Thanks for the help!
Cheers,
Maarten
On Thursday 14 October 2010 09:54:41 Massimo Sgaravatto - INFN Padova wrote:
> On Thu, 14 Oct 2010, Maarten van Ingen wrote:
> > Can we increase the number of threads?
>
> Yes, the relevant parameter is cream_concurrency_level in
> /opt/glite/etc/glite-ce-cream/cream-config.xml
>
> Then restart tomcat
>
> If you are using the new blah blparser and if you are going to increase
> the number of threads, it is also suggested to decrease
> (i.e. set to 2500000) the value for purge_interval in
> /opt/glite/etc/blah.config to reduce memory usage.
> Then kill the bupdater process (a newer one will be started automatically)
>
>
> Cheers, Massimo
>
> > The node has little to no load so there
> > should be room for more threads. If possible, would this help to reduce
> > the number of commands in the queue?
> >
> > If not, is there any way to work around this problem until the update is
> > available?
> >
> > Cheers,
> > Maarten
> >
> > On Wednesday 13 October 2010 16:37:47 Massimo Sgaravatto - INFN Padova
wrote:
> >> The submit command is actually divided in 2 operations: the register and
> >> the start.
> >> The former is a synchronos operation, the latter is an asyncronous
> >> operation.
> >> Asynchronous commands are stored in a queue, from which they are taken
> >> and processed by a pool of threades
> >>
> >> In your CE there is a queue (not too long) of commands to be
> >> processed. This explains why the start operation is not done immediately
> >> at submission time.
> >>
> >>
> >> In your CE most of the commands in the queue are proxy renewal
> >> operations.
> >>
> >> With CREAM CE 1.6.3 (that we plan to certify by the end of this month)

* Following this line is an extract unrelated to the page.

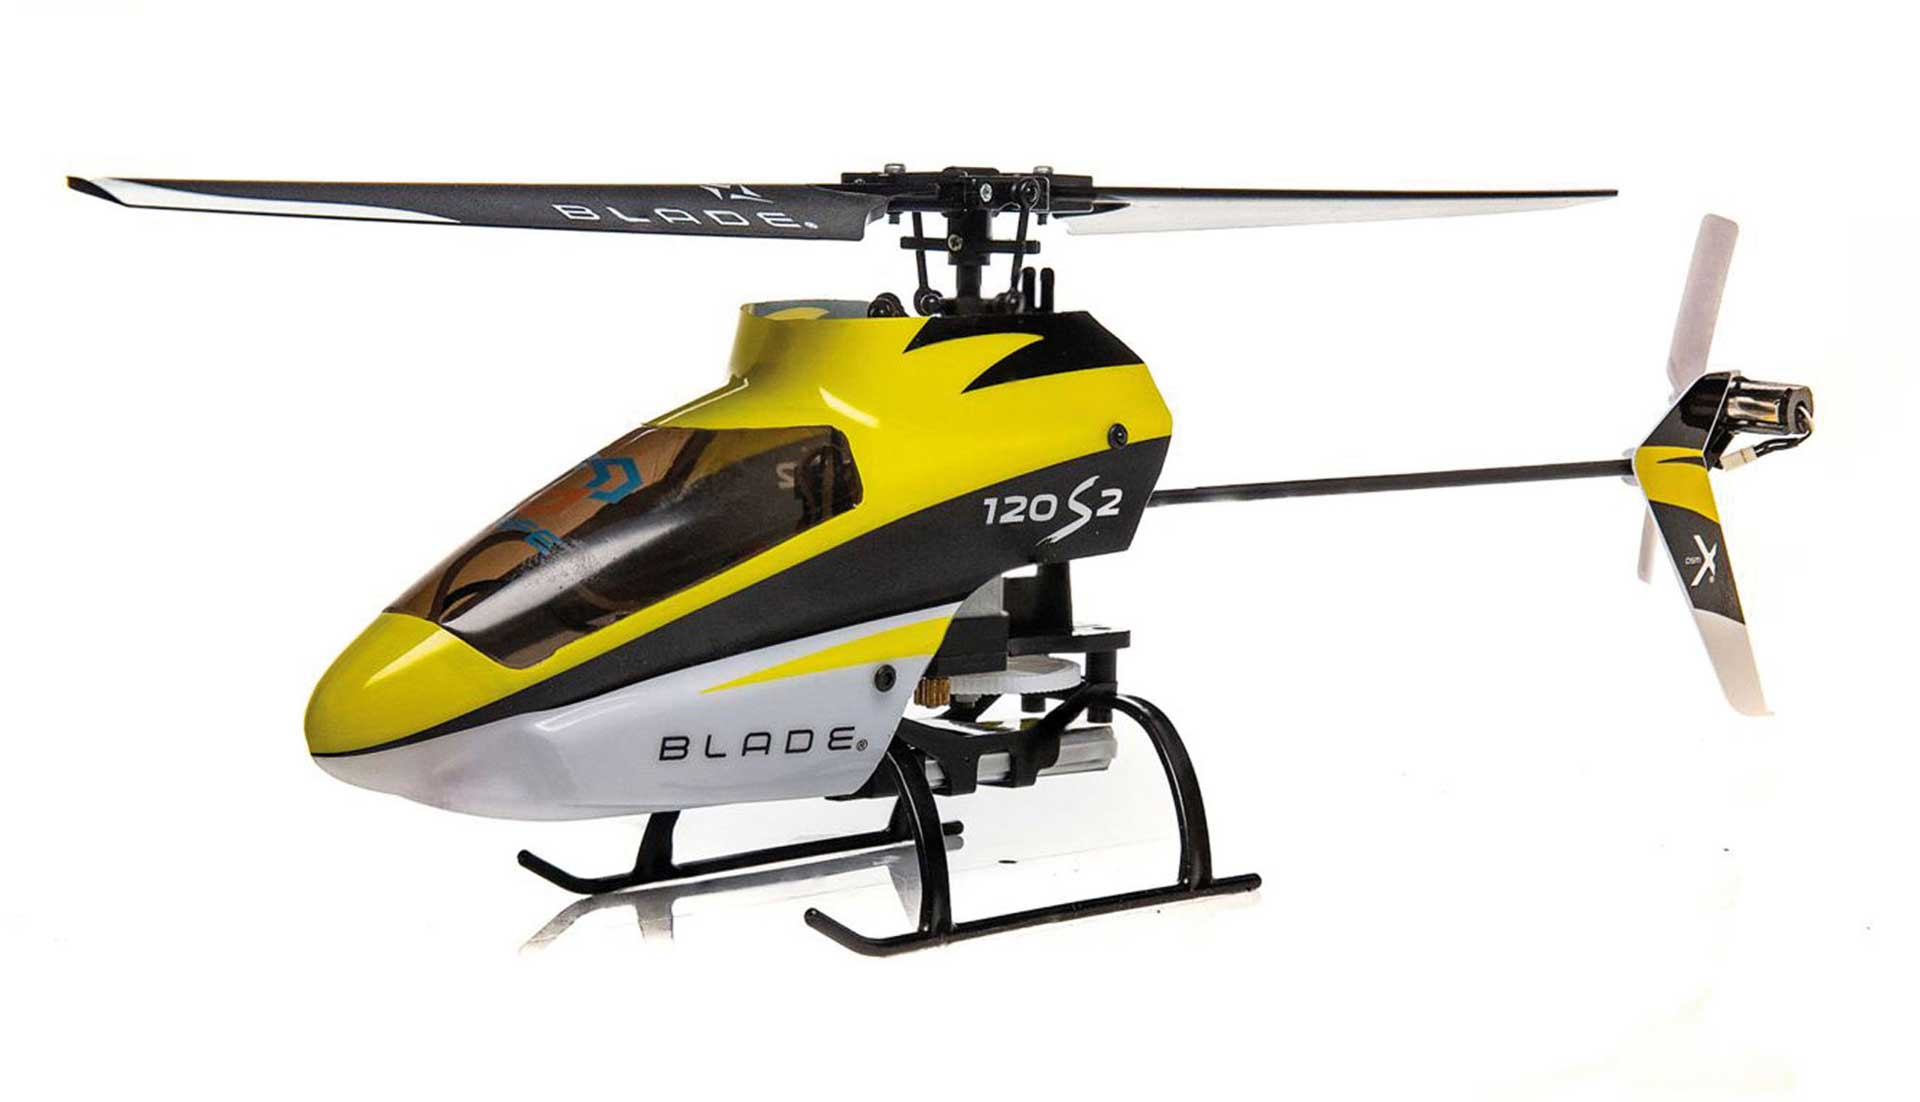 BLADE 120 S2 RTF INCL. SAFE RC Helicopter

> >> there will the fix for this bug:
> >>
> >> http://savannah.cern.ch/bugs/?73765
> >>
> >> and this should help a lot in keeping the queue of commands short.
> >>
> >> Cheers, Massimo
> >>
> >> On Wed, 13 Oct 2010, Maarten van Ingen wrote:
> >>> The grep:
> >>>
> >>> (of course this example does go one step further...)
> >>>
> >>> /opt/glite/var/log/glite-ce-cream.log:13 Oct 2010 16:13:51,234 INFO
> >>> org.glite.ce.creamapi.jobmanagement.cmdexecutor.AbstractJobExecutor
> >>> (AbstractJobExecutor.java:826) - (Worker Thread 11)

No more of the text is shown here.